Kubernetes is an open-source system for automating the deployment, scaling and management of containerized applications.
It groups containers that make up an application into logical units called pods, which can run on a cluster of nodes.
Kubernetes provides features such as service discovery, load balancing, storage orchestration, horizontal scaling, self-healing and more. Official doc for Kubernetes can be found on kubernetes_Doc
Why Kubernetes?
Kubernetes is a system that helps you manage containerized applications at scale. It solves some of the common problems that arise when you have to deploy, scale, and maintain many containers across multiple nodes or clusters.
Some of the problems which are solved by Kubernetes are:
• Application Availability: How to ensure that your applications and services are available 24/7, even if some containers or nodes fail or need to be updated.
• High Availability: How to deploy code multiple times a day with no downtime, and with the ability to roll back if something goes wrong.
• Efficiency of Resources: How to make more efficient use of cloud resources, by packing and scheduling containers according to the demand and availability of resources, and by scaling up or down as needed.
• Automation of Configuration: How to simplify the configuration and automation of your operations, by allowing you to define your desired state through code, and by handling the tasks such as networking, service discovery, load balancing, security, and updates.
• Traffic Distribution on Multiple Containers: In general terms for redundancy multiple containers are created to reduce traffic load on single container and these are managed by Kubernetes.
Terminology Used in Kubernetes
We can assume that Kubernetes configuration file is similar to Docker-Compose file and there are few different terminologies used in Kubernetes which are as below.
Pods: A pod in Kubernetes is the smallest deployable unit of computing that you can create and manage in Kubernetes. A pod consists of one or more containers that share the same network and storage resources and run in a shared context. A pod can also contain init containers that run before the main application containers, and ephemeral containers that can be injected for debugging purposes.
Pods are designed to run a single instance of an application or a tightly coupled group of applications.
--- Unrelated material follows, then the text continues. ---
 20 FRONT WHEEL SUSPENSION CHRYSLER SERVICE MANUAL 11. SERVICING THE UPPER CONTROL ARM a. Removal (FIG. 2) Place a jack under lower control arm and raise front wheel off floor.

Pods are ephemeral, which means they can be terminated or deleted at any time. If a pod fails or is deleted, Kubernetes can automatically create a new replica of the pod on another node in the cluster.
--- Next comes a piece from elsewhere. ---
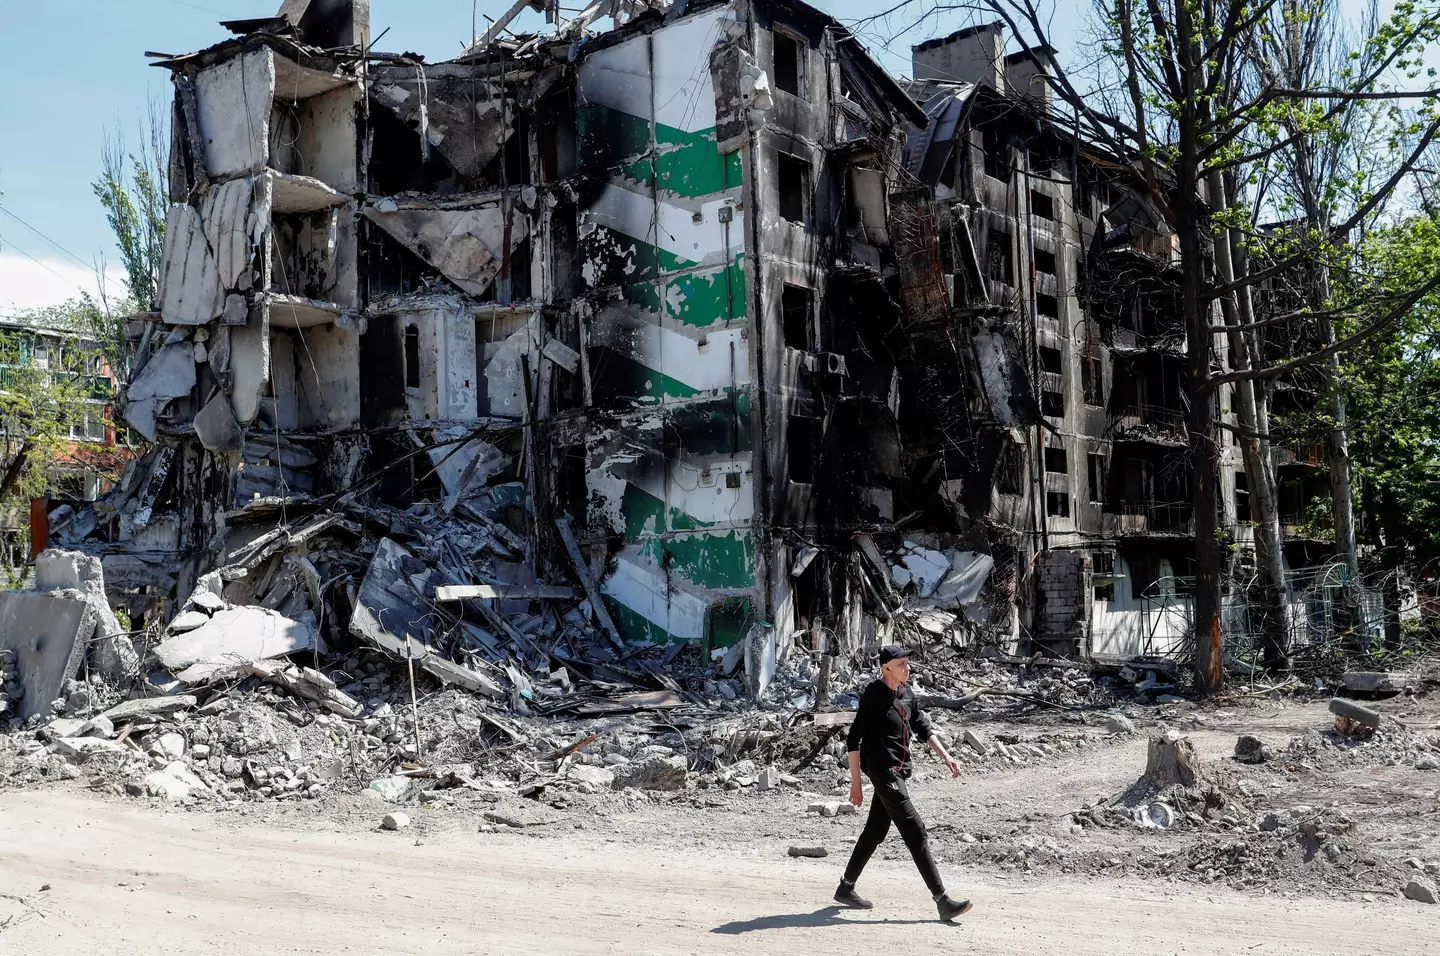 90 percent of Mariupol has been destroyed according to the city's mayor.

Some of the benefits of using pods are:
• They allow you to package your applications with their dependencies and configuration and run them in isolated environments.
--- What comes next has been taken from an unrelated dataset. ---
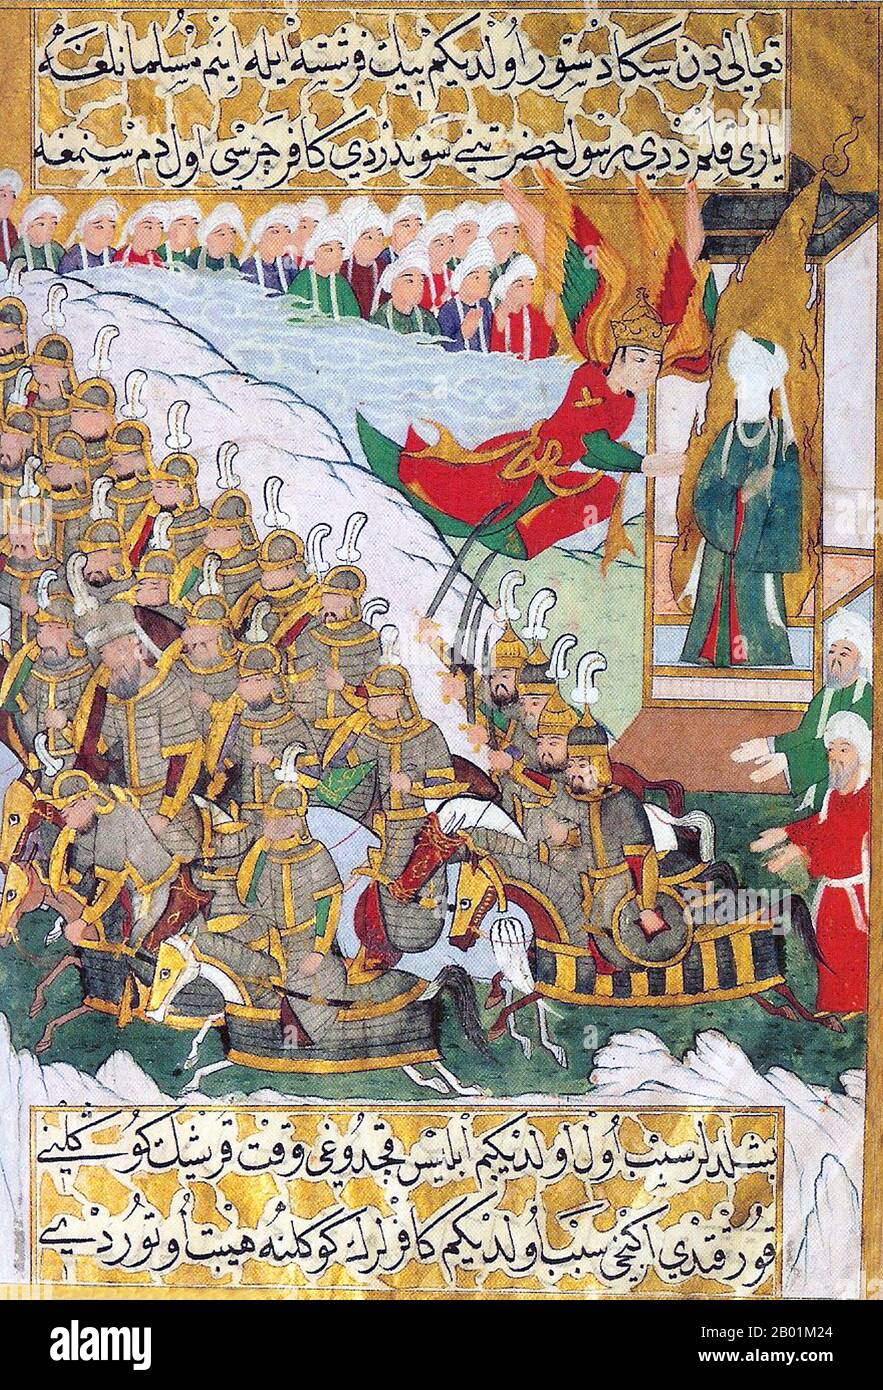 Turkey: 'The Battle of Badr'. Miniature painting by Lütfi Abdullah from the Siyer-I Nebi (Life of the Prophet), c. 1594.  The Battle of Badr, fought Saturday, 13 March 624 CE in the Hejaz region of western Arabia (present-day Saudi Arabia), was a key battle in the early days of Islam and a turning point in Muhammad's struggle with his opponents among the Quraish in Mecca. The battle has been passed down in Islamic history as a decisive victory attributable to divine intervention, or by secular sources to the strategic genius of Muhammad. Stock Photo

• They enable you to distribute your workloads across multiple nodes or clusters and improve the availability and performance of your applications.
• They simplify the communication and coordination between your containers, by providing them with a shared network namespace and filesystem volumes.
• They support various lifecycle events and probes that can help you monitor and manage the health and readiness of your containers.
Difference between a pod and a container?
A container is a standardized executable component that packages an application and its dependencies in a single unit. A container runs in an isolated environment on a host machine, and can use any container runtime, such as Docker. A container is designed to run a single process or application.
A pod is a collection of containers that share the same network and storage resources and run in a shared context. A pod is the smallest deployable unit of computing in Kubernetes and can contain one or more containers. A pod can also contain init containers and ephemeral containers for initialization and debugging purposes.
The main difference between a pod and a container is that a container resides inside of a pod.
A pod is a higher-level abstraction that allows you to group and manage related containers as a single unit.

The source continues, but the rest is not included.